Photo of Tara Oldfield

Author: Tara Oldfield

Senior Communications Advisor

Please be aware that this article contains information about gun violence and may be upsetting for some readers.

The Russell Street bombing, Hoddle and Queen Street massacres, Walsh Street police shootings, and the crimes of Mr Cruel… It’s the stuff nightmares are made of. 

Violent crime in the 1980s was a major concern within the Victorian community, particularly with gun violence on the rise. 


A focus on gun crime

Across Australia, the statistics were dire. In 1987 there were six incidents of mass shootings, 97 homicides, 572 suicides, and 27 accidents all by firearm - an overall increase of 22.3% on 1975 figures. 

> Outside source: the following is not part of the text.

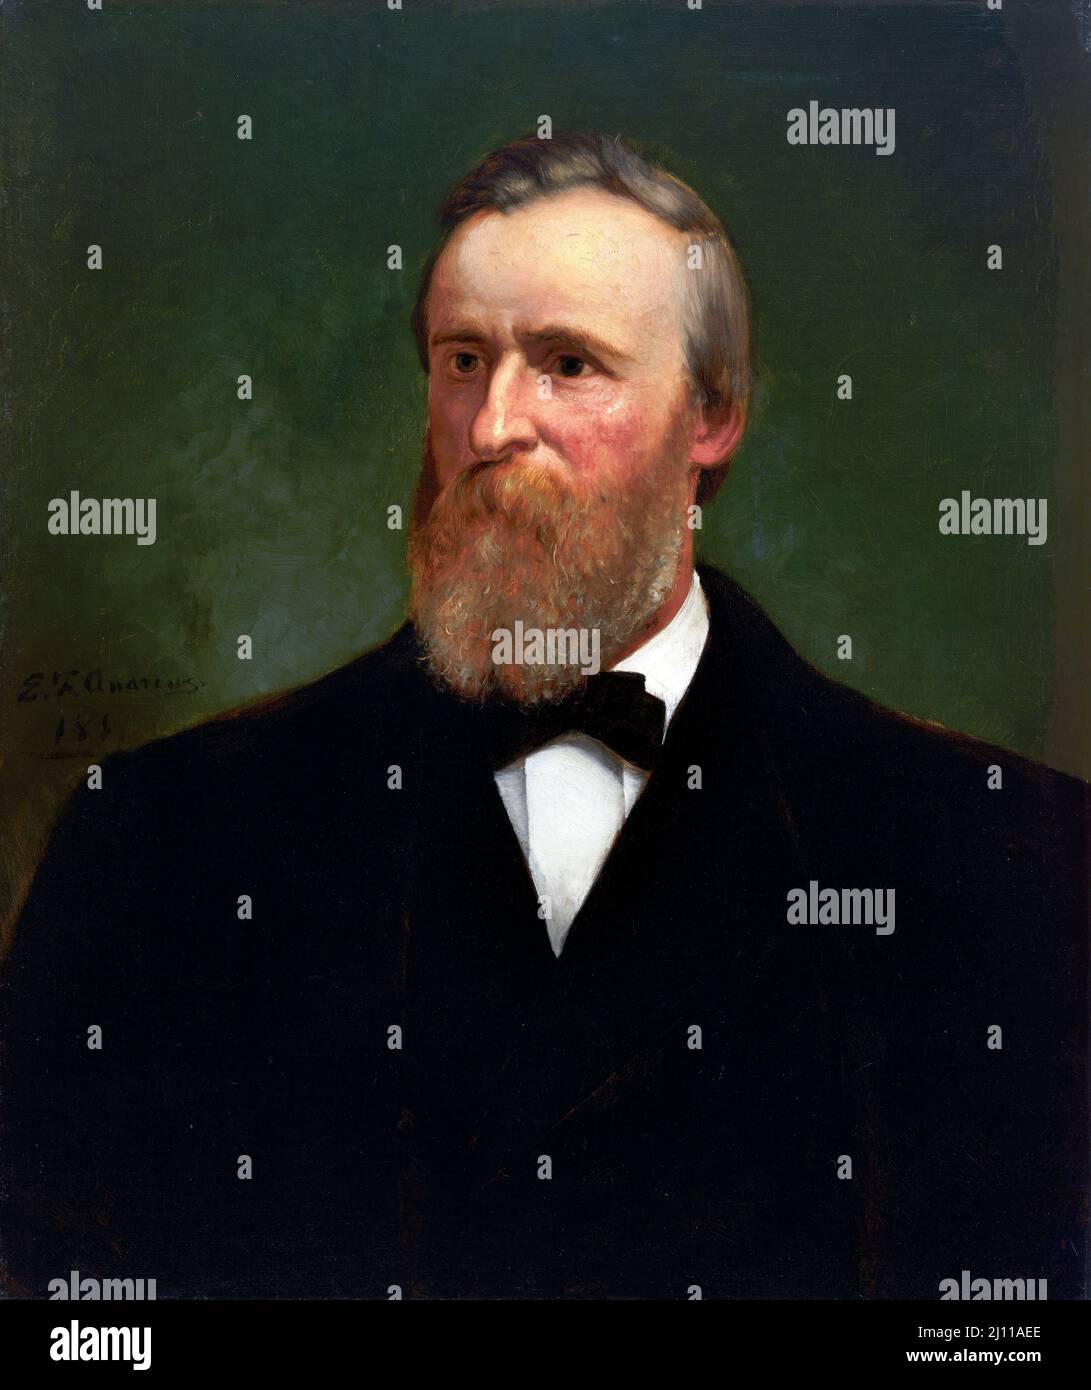 Rutherford B Hayes. Portrait du président américain de 19th, Rutherford B Hayes (1822-1893) par Eliphalet Frazer Andrews, huile sur toile, 1881 Banque D'Images

Two of Australia’s six mass shootings in 1987 took place in Melbourne. 

August saw 19-year-old Julian Knight take his Ruger rifle, M14 and Mossberg shotgun and open fire on Hoddle Street drivers and police. He killed seven people and injured 19 others. 

Just four months later, 22-year-old Frank Vitkovic used a modified M1 to shoot office workers in the Australia Post building on Queen Street. He shot 13 people, killing eight. 

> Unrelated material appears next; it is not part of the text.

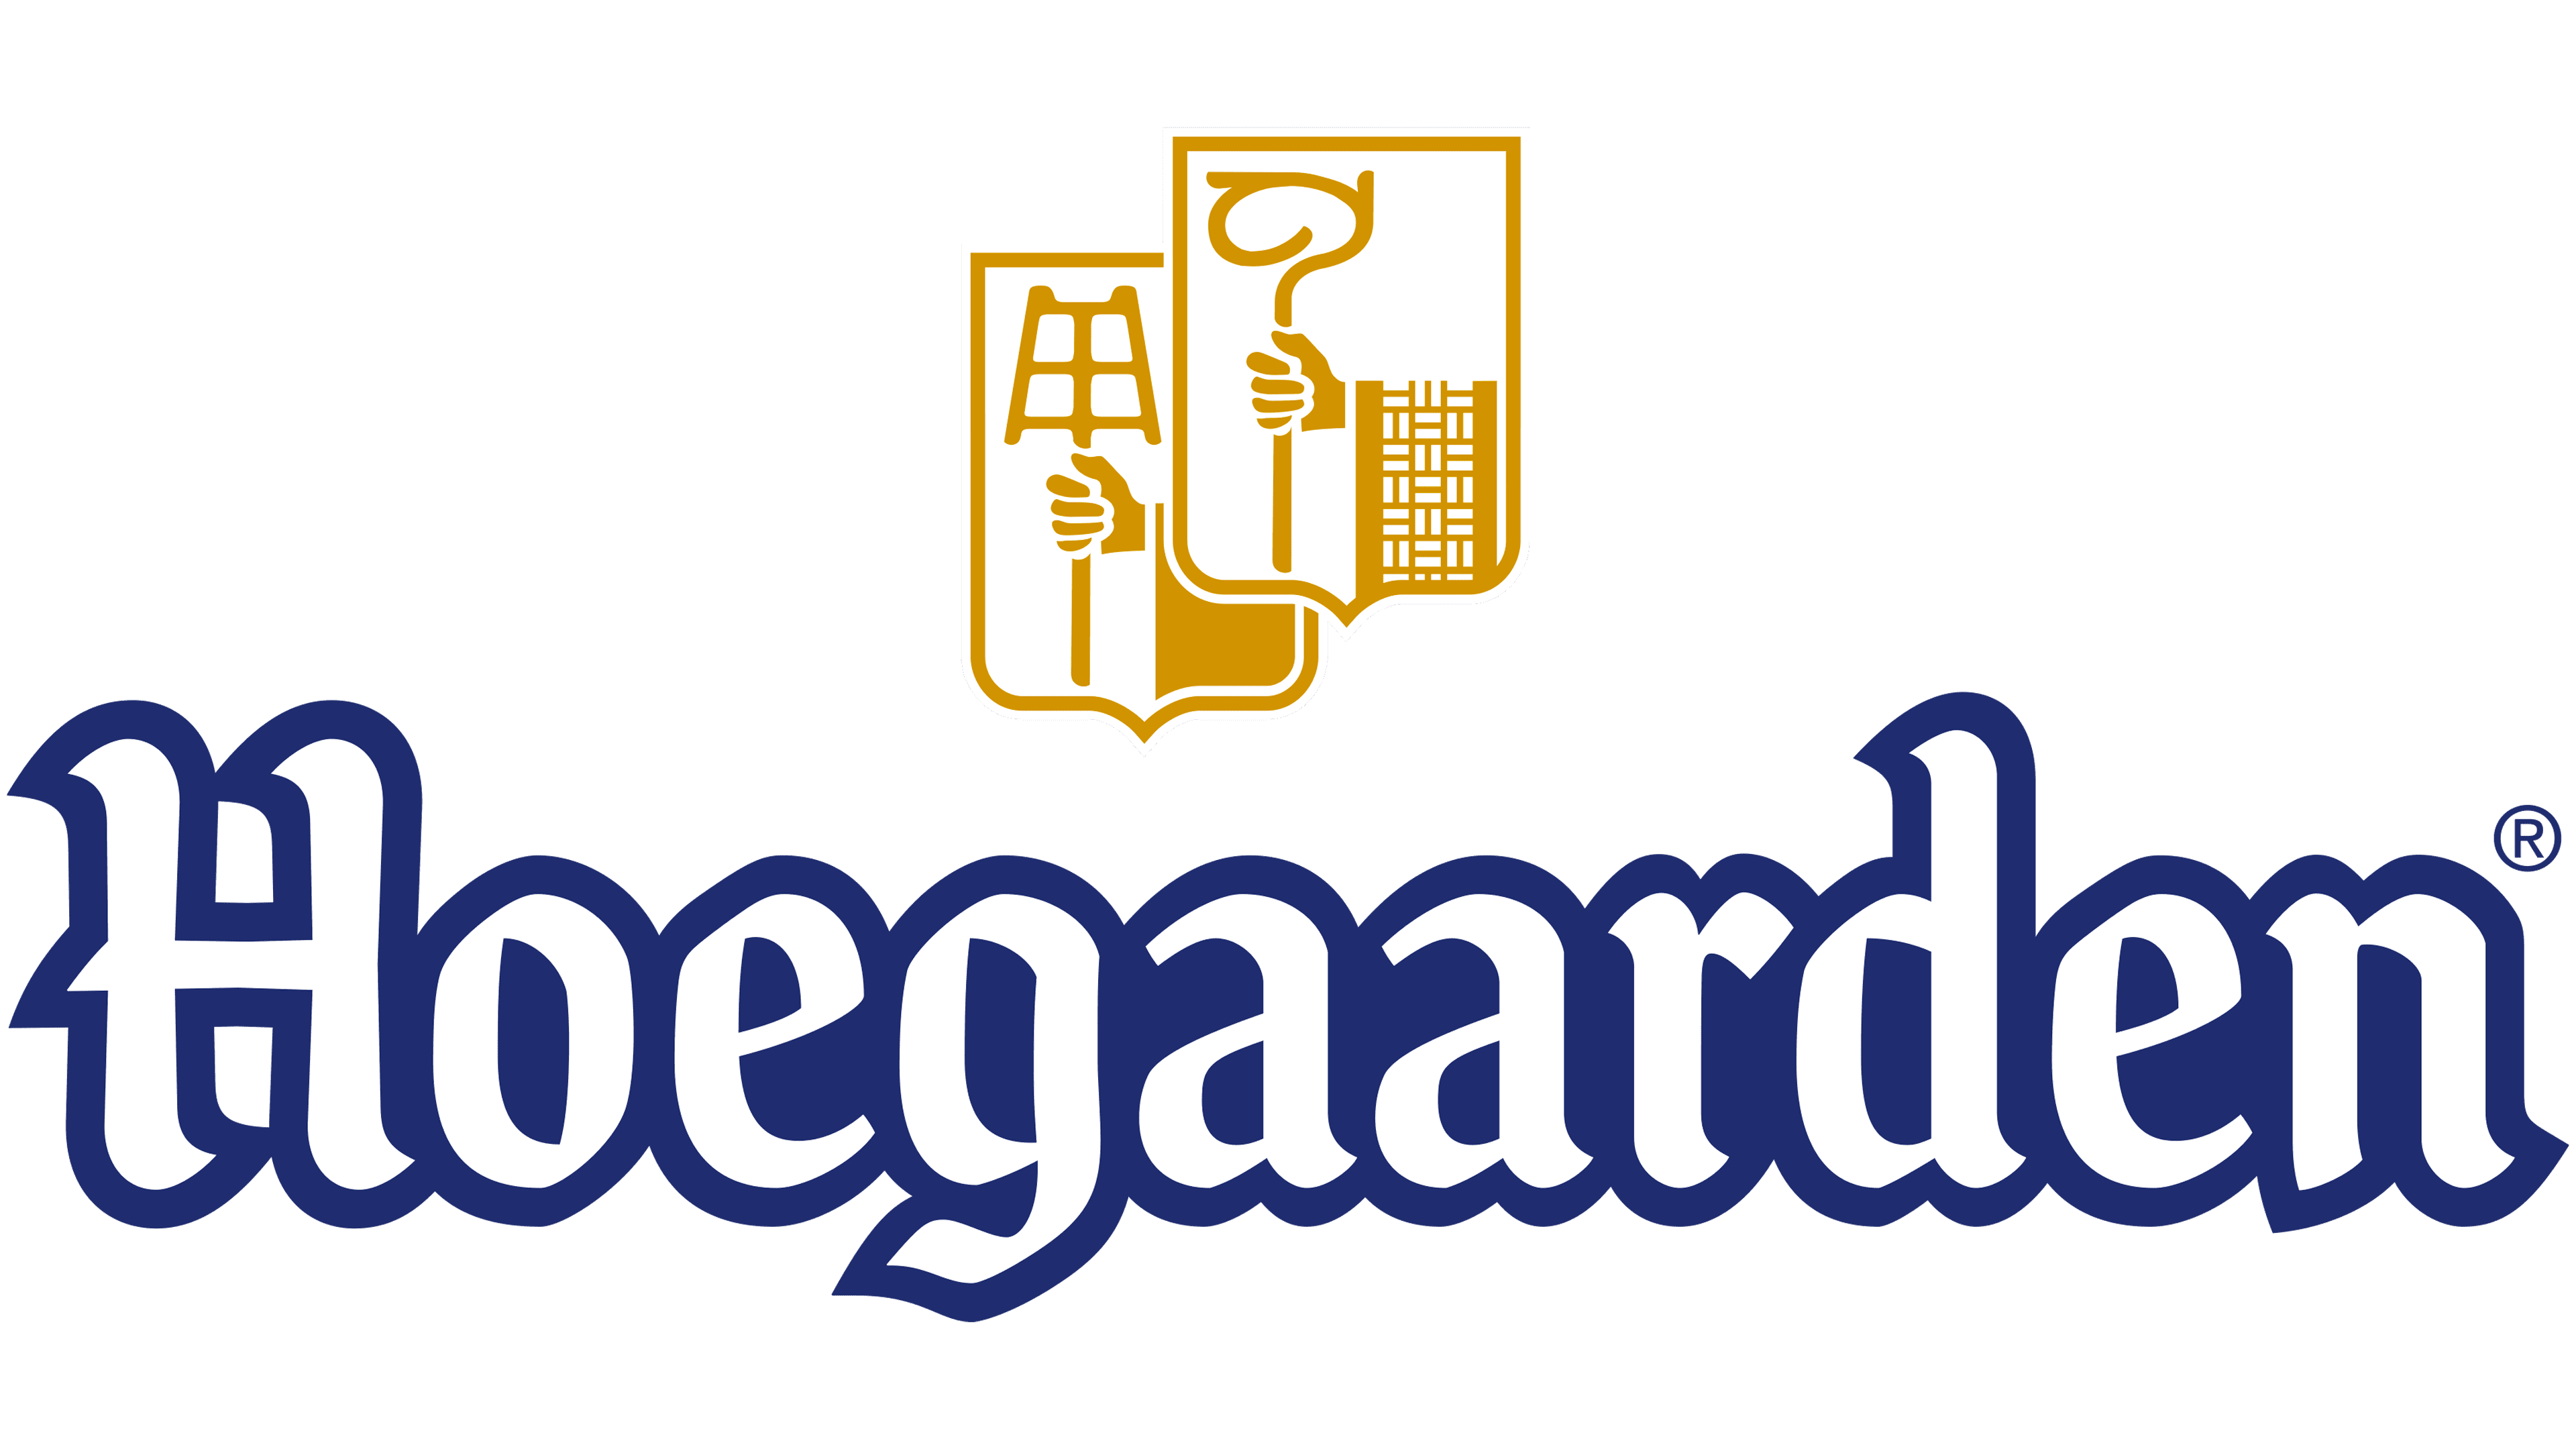 Hoegaarden (beer) Logo

It didn’t end there. The following year, October 1988, Constables Tynan and Eyre were shot and killed in South Yarra by an armed robbery gang. 

While the John Cain state government got to work on firearm legislation reforms, criminal Gary David Webb proclaimed his desire to commit a mass murder bigger than Hoddle and Queen Streets combined. 


Gun legislation

The government’s commitment to gun reform was first announced in 1981 as part of the ALP’s 1982 election priorities – five years before the mass killings that shocked Victoria. 

“The party had spelled out detailed policies about registration and the licencing of shooters generally. These policies had been argued very widely during the 1982 election campaign. The real drive for the proposed changes in the law came from a positive, assertive demand by people within the party and outside who felt that the onus was on a labour government to do something about the growing number of firearms lying around a very large number of homes,” said John Cain Jr in Trials in Power. 

The 1987-88 shootings solidified the government’s commitment. 

The Cain government was determined to create a licensing and registration system, ensuring that gun owners would have to do more than simply pay a fee to obtain a firearm. 

Historian and author of Under Fire: How Australia’s Violent History Led To Gun Control, Nick Brodie, told PROV that the public at the time was supportive.

“The Australian public by and large through most of its history has been very sympathetic to sensible, reactive, gun law control…But, by this point (the 1980s) there’s very vocal, organised, lobby groups so they attract a lot of the press attention and drive the discourse.”

This vocal opposition is evidenced within Cabinet records.

In a brief to the Premier, Julie Dawson of the Department of the Premier and Cabinet’s Justice Branch stated: 

“The opposition’s main line of argument in opposing the Bill was that the Government was ‘grandstanding’ on the Hoddle Street killings and unreasonably interfering with the rights of certain groups to own and use firearms.” 

In 1988, 30,000 gun-enthusiasts took to the streets to protest proposed regulations and Opposition leader Jeff Kennett warned the Herald that most semi-automatic gun owners would not part with them, leading to a black market.  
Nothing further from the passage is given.